I was chatting with an artist friend the other day whose career is taking off. I complimented her by saying she’d done everything right over the years in terms of following all the steps to achieving her desired career and being patient with the process. She said something to the effect that it wasn’t hard to be patient when she knew she would someday be where she wanted to be. She believed that. She never questioned whether she was worthy of the dream, she just leaned into doing the work that would get her there, the work that she loved.
That’s the difference between those who stick it out in the arts (or any field) and those who don’t. We often trivialize success by saying, “the ones who make it are the ones who don’t give up.” But we never ask why they didn’t give up. What keeps them believing, as my friend did, in themselves and their dreams even when there are setbacks, even when it seems to be taking forever?
In the early days of my career, there were so many times I could have given up. Times I thought about it even, but never did. I’d fantasized about writing a book since the fifth grade and had been lucky enough to stumble across a great idea for a novel while still in college. I did many things right in the beginning – I read books on writing, subscribed to writing magazines, joined a writer’s group – but my first five or six attempts at the book failed. My writer’s group kindly confirmed that.
In that early stage, I could have taken the internal and external criticism and decided I wasn’t good enough to write. That even though I’d tried my best, I lacked the proper talent. Instead, I decided I still wasn’t ready. That something was still missing. So, I stepped back and spent a few years writing short stories and personal essays to find my voice.
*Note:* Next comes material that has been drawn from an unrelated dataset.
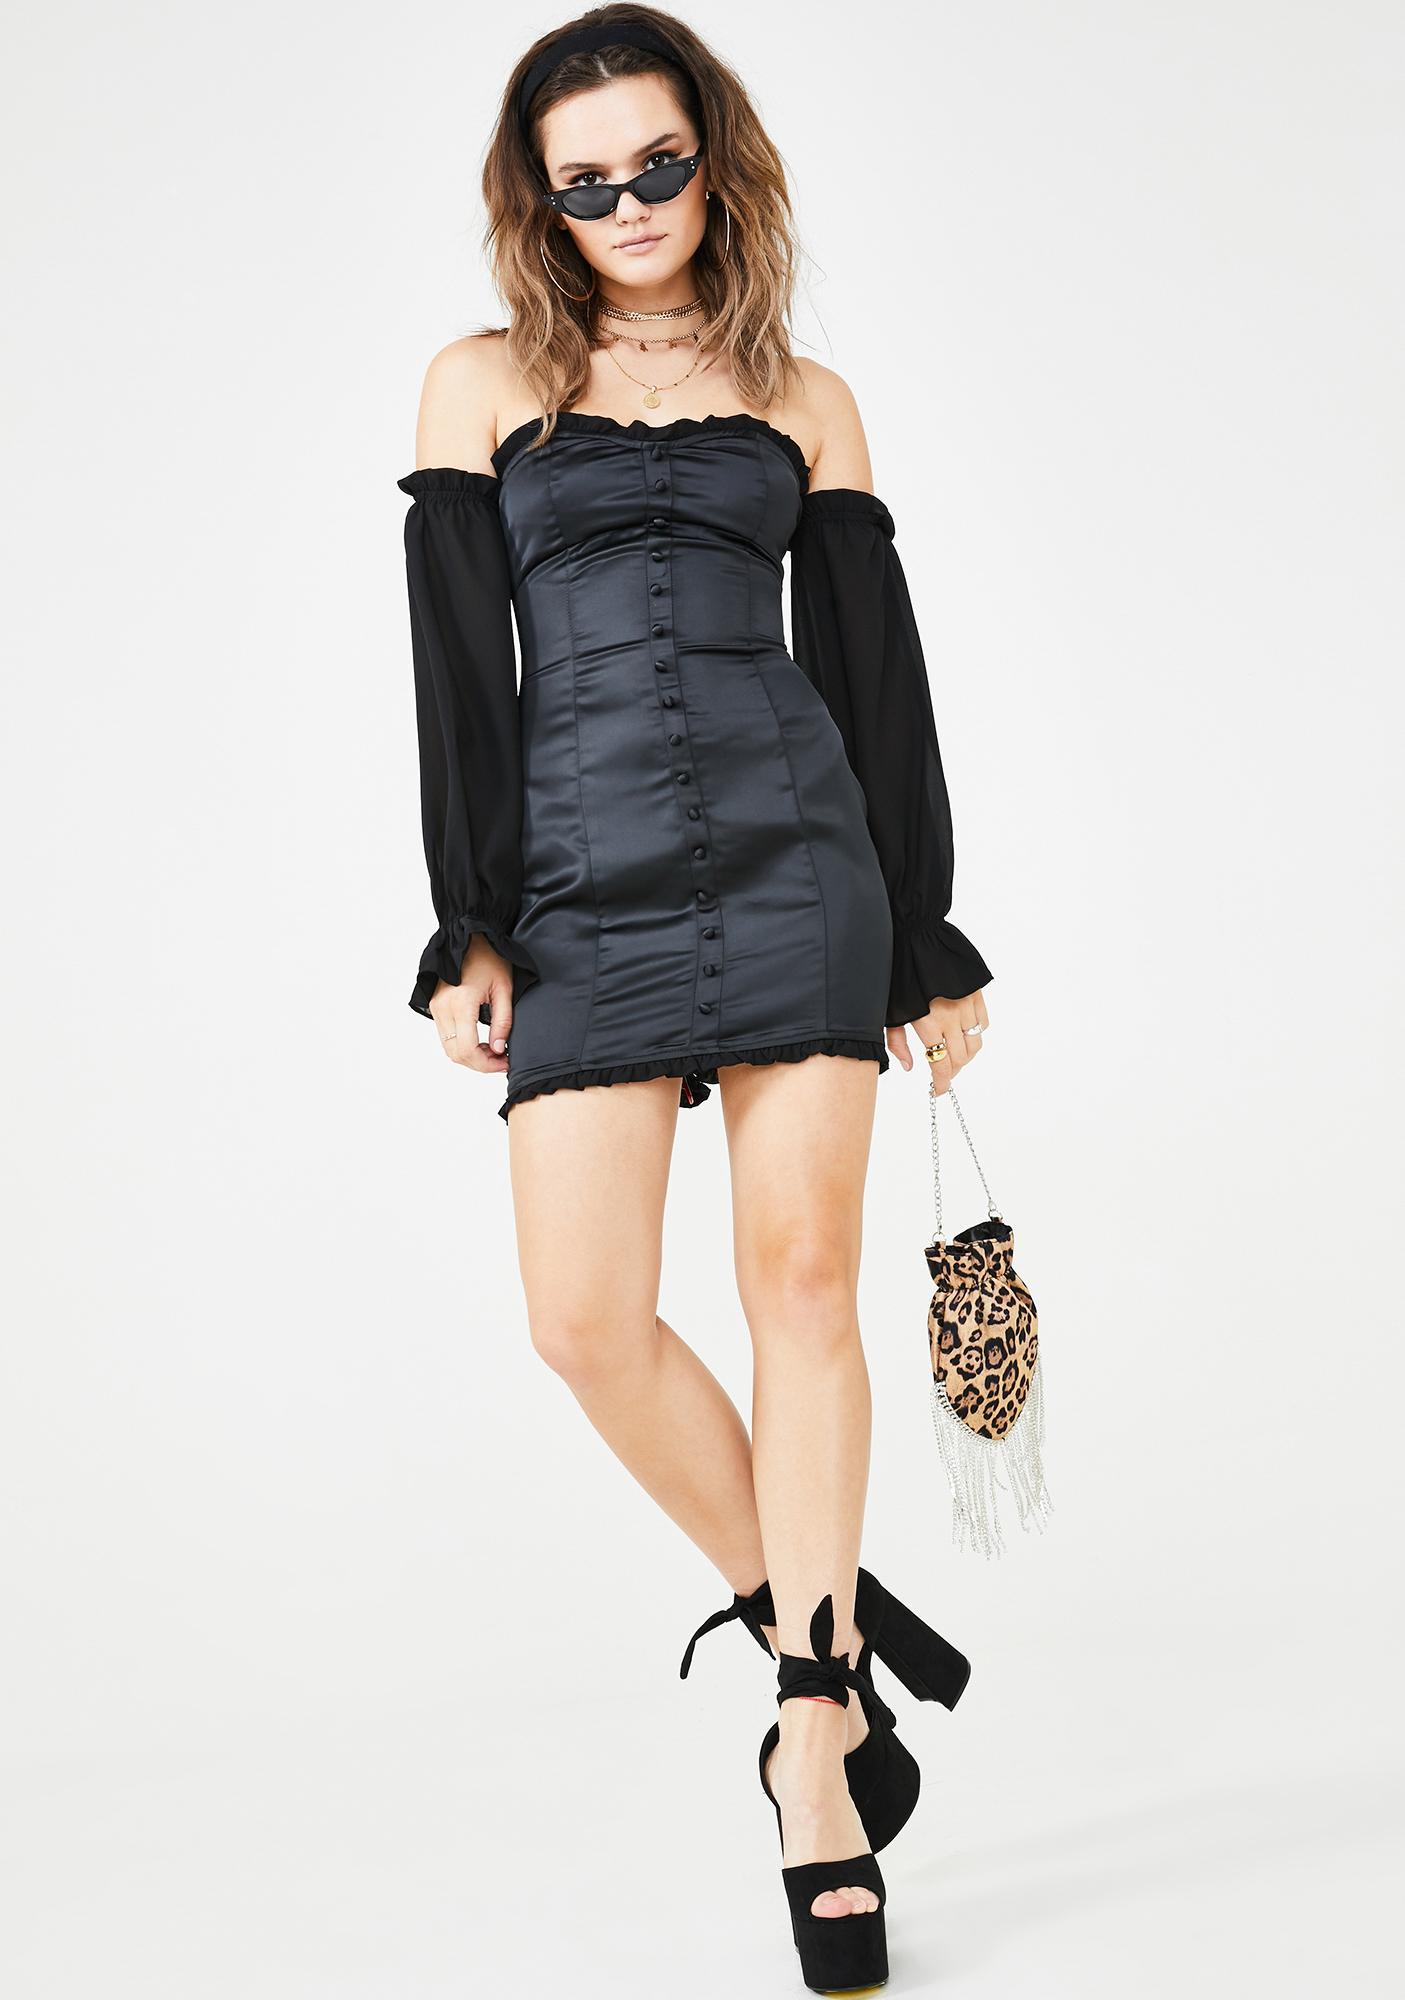 Lioness Midnight Good Girl Bad Bish Mini Dress

Once I’d done that, I was able to return to the novel, and it finally came together.
Part of the secret to hanging in there is that successful dreamers are not usually pursuing a singular goal. If we narrow our vision in that manner, as soon as we don’t reach that particular objective, we give up. For example, I had an ambition to acquire an agent. I did that, but it didn’t work out, however I still did not give up. I once set a particular award as a target. But when I didn’t win, I still did not give up. That’s because those “markers of success” were things I wanted (or thought I wanted) but they weren’t what was really driving me. My love for writing was driving me, and my desire to get better. My dream had never really been to write one book, it had been to be a good writer and hopefully write lots of books. And I knew that could only come with years of practice, patience, persistence, and, yes, setbacks and failure.
So, the key to success, the key to dreaming, is to follow what you love, not what you want. Our wants distract and mislead us. Notice I said “follow” not “pursue.” Let the dream lead you, don’t chase it down. Be willing to wander with it patiently and trust it knows where it’s going. Allow the dream to change even as you change along the journey. Some of my writer friends did “quit” writing in favor of doing something they loved even more, like painting or acting or teaching, and their careers took off. It wasn’t the writing they had loved; it was creating. And they needed to figure out what type of creator they wanted to be.
Follow what you love, not what you want. Don’t aspire toward the dream, just live it.